Some patients with atrial fibrillation (AF), despite effective heart rate control, experience very uncomfortable symptoms and feel much better with normal sinus rhythm. Others, including those who did not experience symptoms prior to treatment, feel quite well when pursuing a “frequency control” strategy. Thus, the treatment must be selected individually.

Often the strategy of “rhythm control” ends in failure, which makes it necessary to use the strategy of “frequency control”. However, in patients with severe clinical symptoms, an “aggressive” approach to maintaining sinus rhythm is justified.

Thrombin inhibitors for atrial fibrillation (AF)

It was shown that dabigatran in a dose of 150 mg 2 times a day is more effective in preventing ischemic stroke than warfarin, and in a dose of 110 mg 2 times a day is not inferior to warfarin in effectiveness. Unlike warfarin, therapeutic levels of the drug are observed already 2 h after administration, and the state of stable equilibrium plasma concentration is reached within 2 days. Dabigatran is excreted primarily by the kidneys and is therefore contraindicated for severely impaired renal function or continued massive bleeding.

The dose of the drug should be reduced to 110 mg 2 times a day if the patient is over 80 years old or if the patient is receiving verapamil or when a high risk of bleeding is assumed. In moderate renal insufficiency, the drug is recommended to be administered at a dose of 75 mg 2 times a day.

In the UK, according to the latest changes in recommendations, it is allowed to use new oral anticoagulants (such as dabigatran) after talking with the patient about the advantages and disadvantages of these drugs compared to warfarin. However, these recommendations do not apply to women aged 65-74 without other cardiovascular risk factors that have up to 2 points inclusive on the CHA2DS2VASc scale.

The main adverse effects are relatively rare dyspeptic disorders, diarrhea. Simultaneous systematic use of ketoconazole, cyclosporine, itraconazole or tacrolimus is contraindicated. It was also reported on the interaction of the drug with dronedarone and amiodarone.

Reception of dabigatran should be suspended 2 days before the planned operation, and if the clearance of the drug is reduced due to renal failure, 3-4 days. There is no specific antidote. If the patient switches from warfarin to dabigatran, the reception of the latter should be started with an MHO of less than 2.0.

Warfarin for Atrial Fibrillation

Warfarin, an antagonist of vitamin K, is well known in clinical practice, but it has significant drawbacks. To regulate the dose of the drug in order to maintain an internationally normalized ratio (MHO) at the therapeutic level (between 2.0 and 3.0), regular blood tests are required. In a significant proportion of patients, maintenance of anticoagulation at a therapeutic level cannot be achieved.

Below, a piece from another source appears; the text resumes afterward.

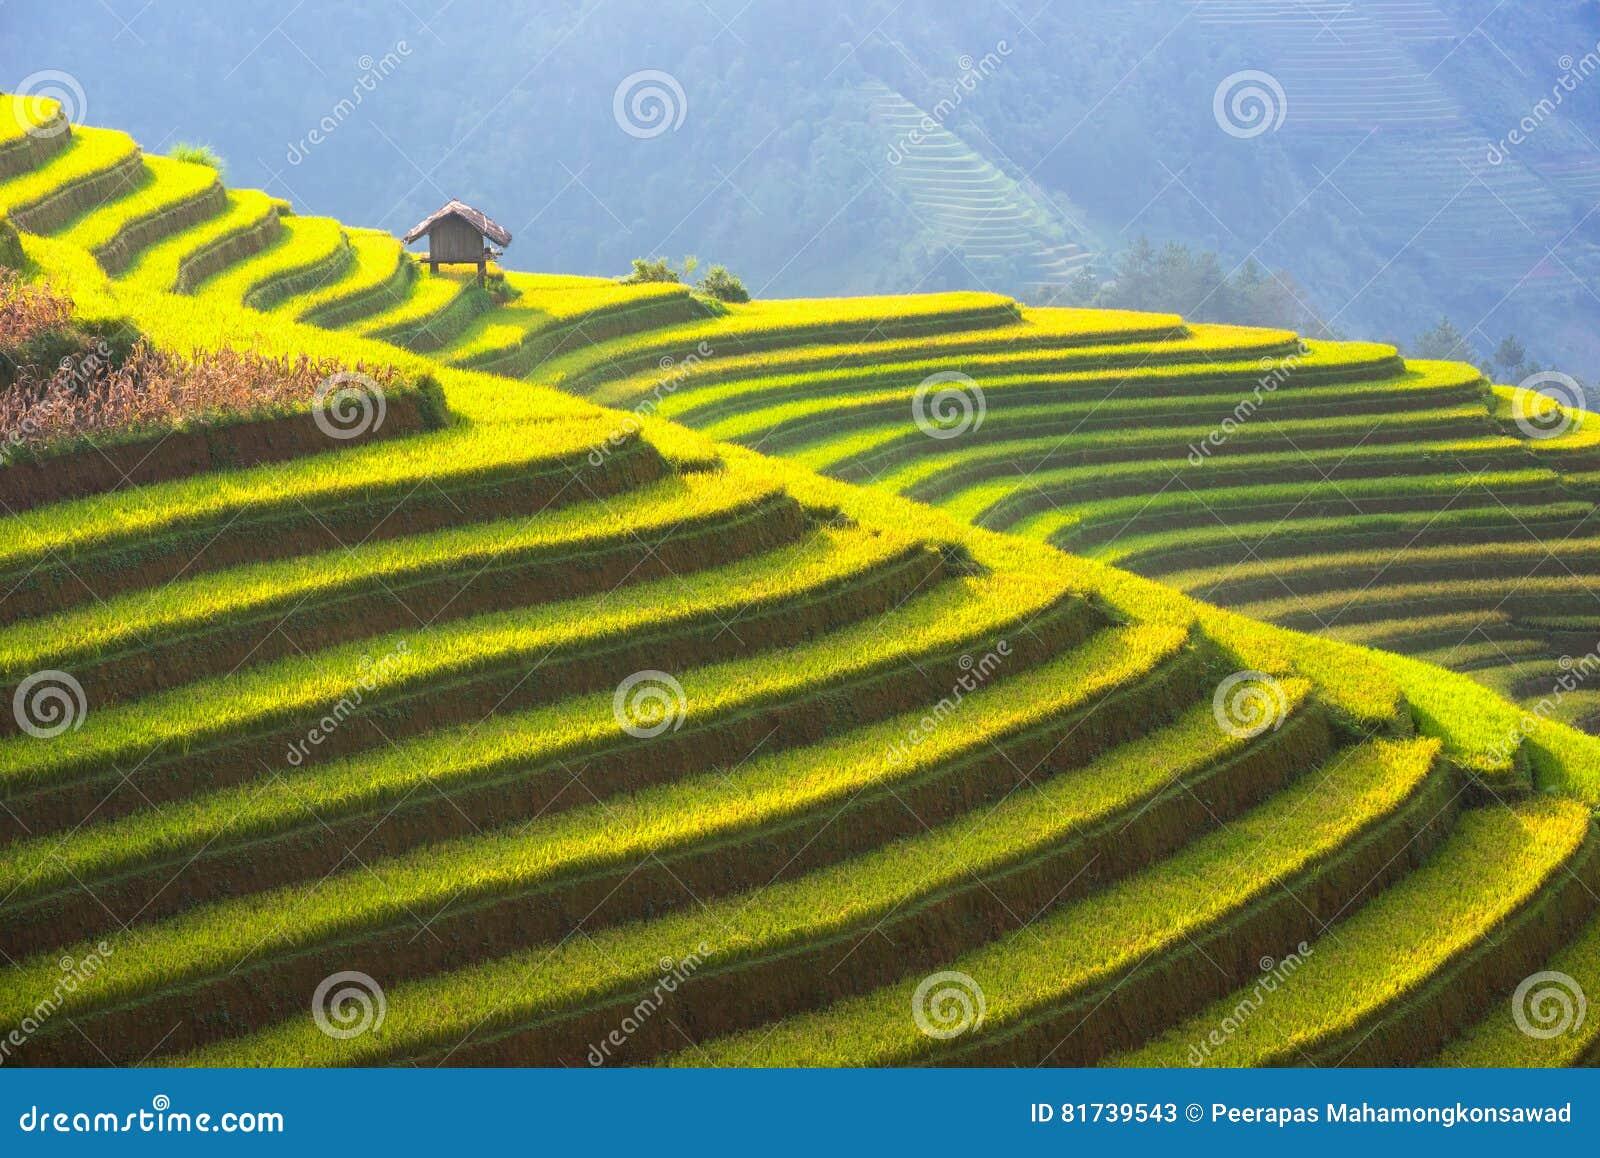 Die schöne Schicht des Berges und die Natur in der Reisterrasse von Vietnam gestalten landschaftlich

Many drugs affect the metabolism of warfarin and can lead to excessive anticoagulation (these include antibiotics, anticonvulsants, some statins, amiodarone, tamoxifen, and alcohol). The risk of bleeding may increase while taking aspirin. In connection with these shortcomings of the drug, doctors are often reluctant to prescribe warfarin, and patients in some cases refuse to take it.

Before surgery, it may be necessary to stop taking warfarin, which was prescribed to prevent systemic thromboembolic complications in patients with AF. In such cases, it is customary to prescribe heparin as a temporary bridge, but the use of heparin often creates the problem of bleeding and the formation of postoperative hematomas. In fact, the need for such a “heparin bridge” rarely arises: you can stop taking warfarin 3 days before the operation and resume 3 days after it.

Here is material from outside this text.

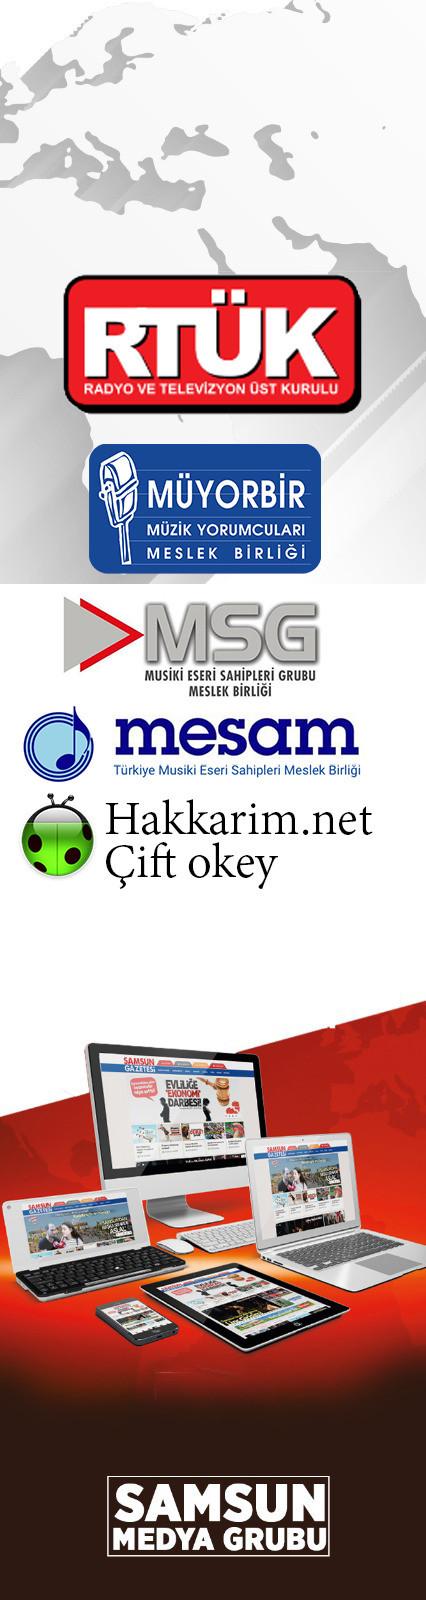 https://www.hakkarim.net/

More modern drugs. Recently, thrombin and factor Xa inhibitors have become available, which are prescribed in fixed dosages and therefore do not require regular blood tests to monitor their effectiveness. It has been shown that they are at least as effective as warfarin, and their use is associated with less or at least a similar risk of bleeding (especially intracranial hemorrhage), in addition, they interact to a lesser extent with other drugs. Nevertheless, although the results of clinical studies are promising, the experience of using these tools in clinical practice is still small.